This guide describes how to configure, authenticate, and secure remote client connections, workspaces, and API endpoints using the built-in authentication engine of @nogoo9/no-crd.


🔒 Setting Up the OIDC Identity Provider

You can integrate any standard OpenID Connect (OIDC) Identity Provider (IdP) like Keycloak, Okta, or Auth0. Below are configurations for each.

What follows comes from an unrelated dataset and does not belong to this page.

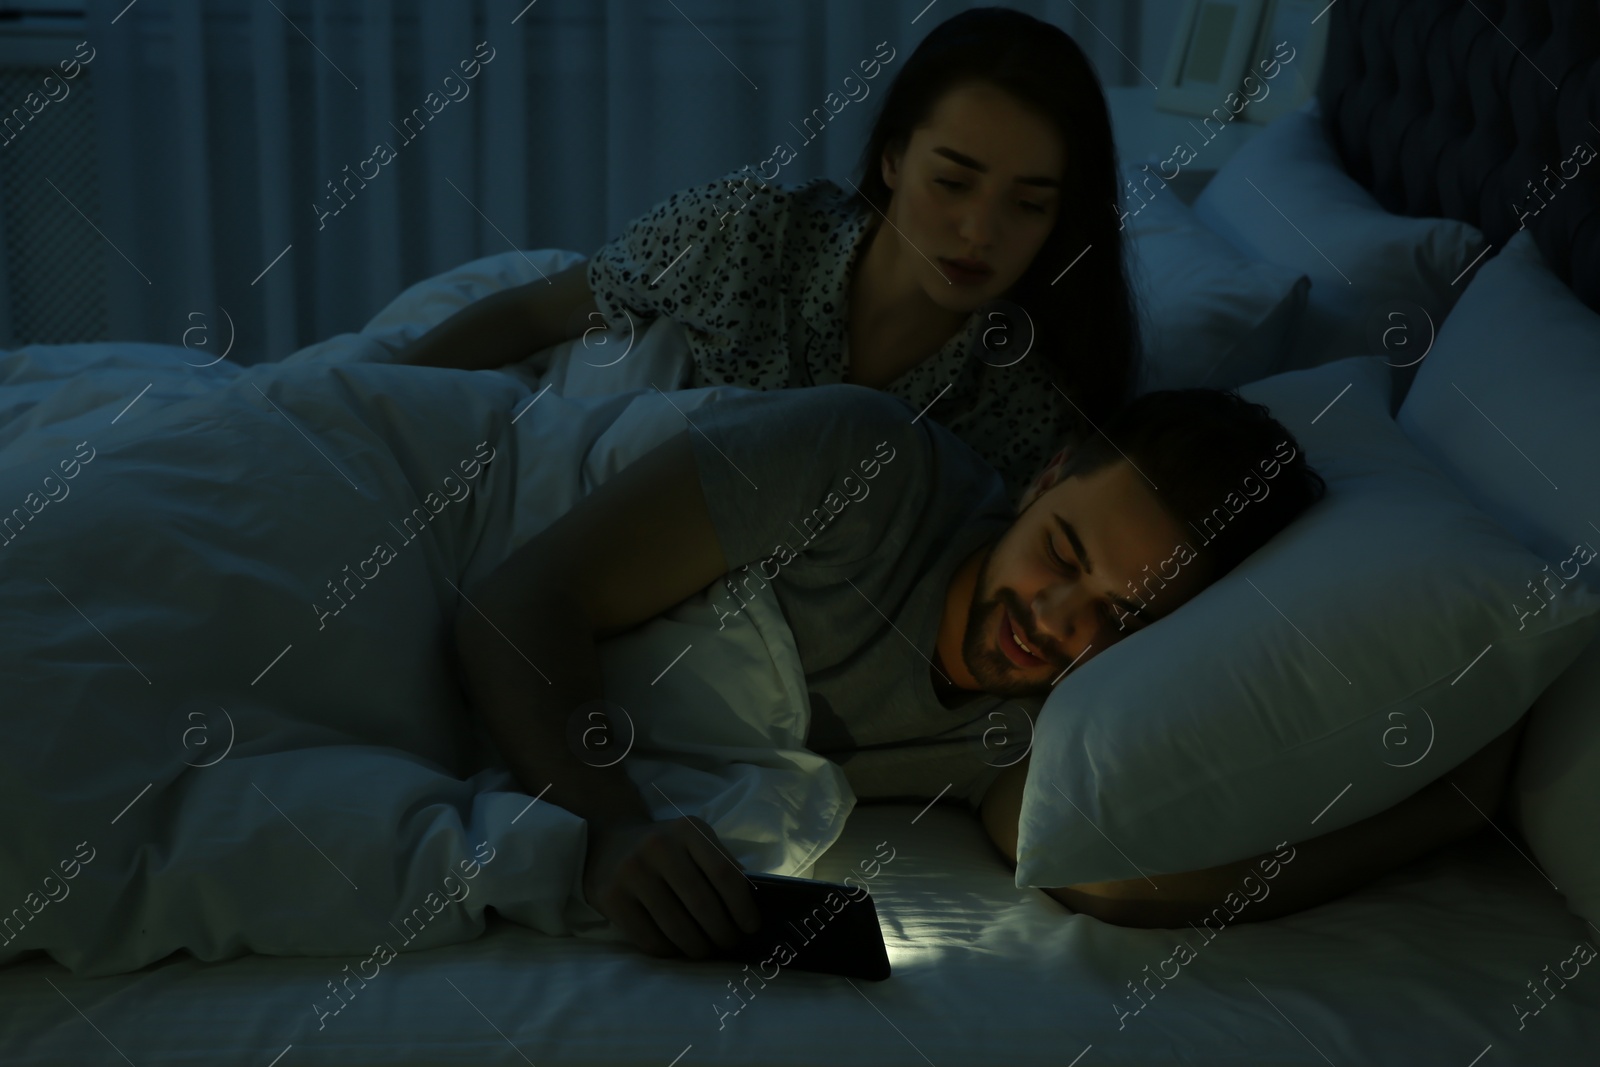 Photo of Distrustful young woman peering into boyfriend's smartphone in bed at night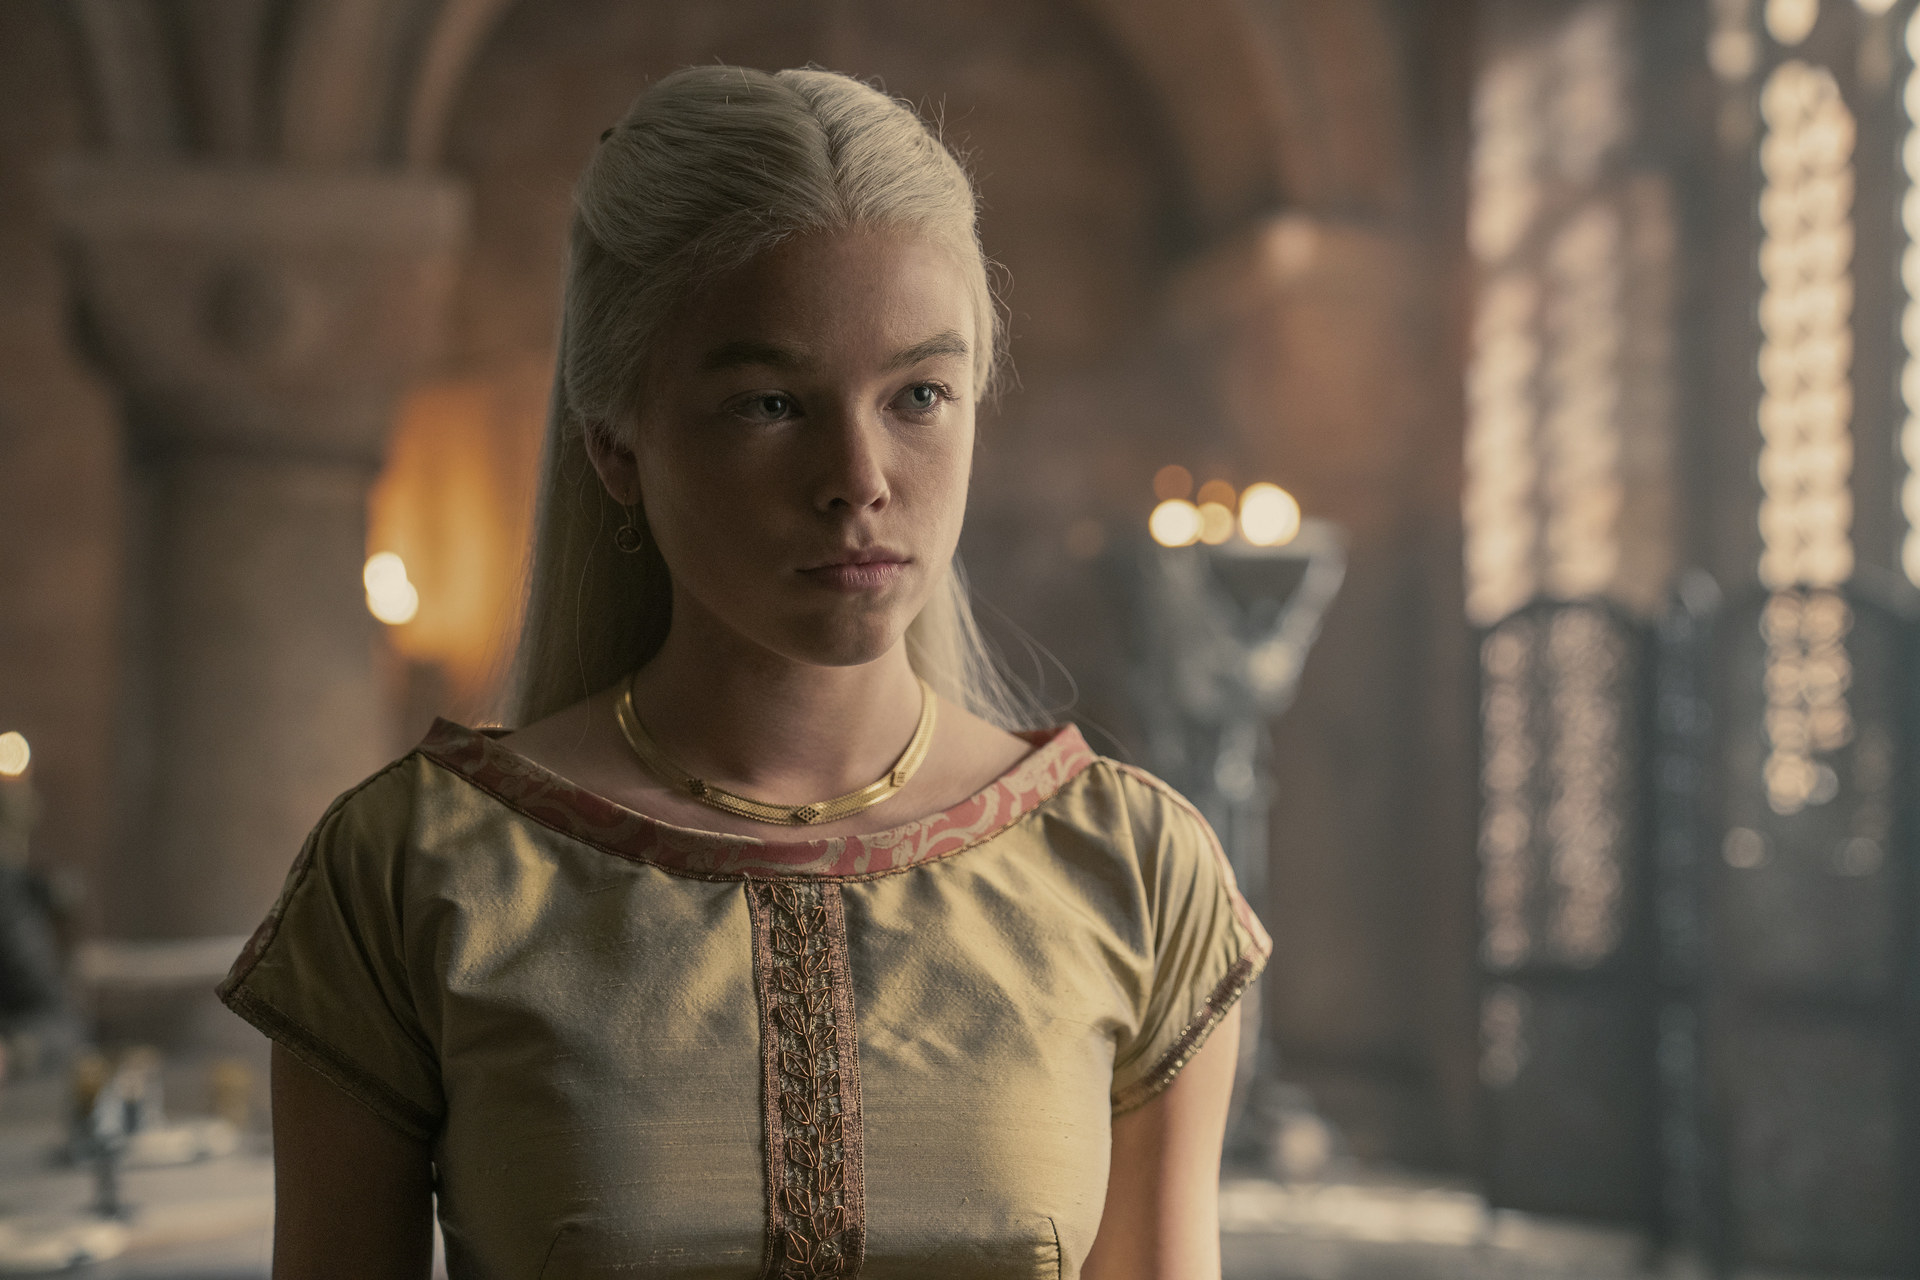 Rhaenyra Targaryen wears a gold gown and stands in the palace

1. Keycloak Setup (Local Development)

To run and test the authorization setup locally:

bash
docker run -p 127.0.0.1:8080:8080 \
  -e KC_BOOTSTRAP_ADMIN_USERNAME=admin \
  -e KC_BOOTSTRAP_ADMIN_PASSWORD=admin \
  quay.io/keycloak/keycloak start-dev
  1. Access the console at http://localhost:8080 and sign in.
  2. Select your realm (e.g., master or create nogoo9).
  3. Under Client Scopes, create a scope named mcp:tools. Inside this scope's Mappers, add an Audience mapper:
    • Name: audience-config
    • Included Custom Audience: The MCP Server base URL (e.g., http://localhost:3000). This populates the aud claim in the issued JWT.
  4. Under Clients, create mcp-server:
    • Client authentication: Enabled (confidential client).
    • Service accounts roles: Enabled.
    • In the client's Credentials tab, retrieve the Client Secret.

2. Okta Configuration

  1. In the Okta Admin Console, go to Applications > Applications > Create App Integration.
  2. Select OIDC - OpenID Connect and Web Application.
  3. Add a Client Secret and enable Authorization Code and Refresh Token grants.
  4. Set the Sign-in redirect URI to your dashboard endpoint (e.g. http://localhost:3000/ or https://nogoo9.company.com/).
  5. Ensure Okta's Authorization Server is configured to issue an audience claim matching your server's URI, and map roles (such as AD groups) into a custom claim.

3. Auth0 Configuration

  1. Navigate to Applications > Create Application and choose Regular Web Applications.
  2. Go to Settings and copy the Client ID and Client Secret.
  3. In Allowed Callback URLs, add your dashboard's URL.
  4. In APIs, register your MCP server's URL as an API audience. This instructs Auth0 to return access tokens in JWT format containing the correct aud and scope claims rather than opaque tokens.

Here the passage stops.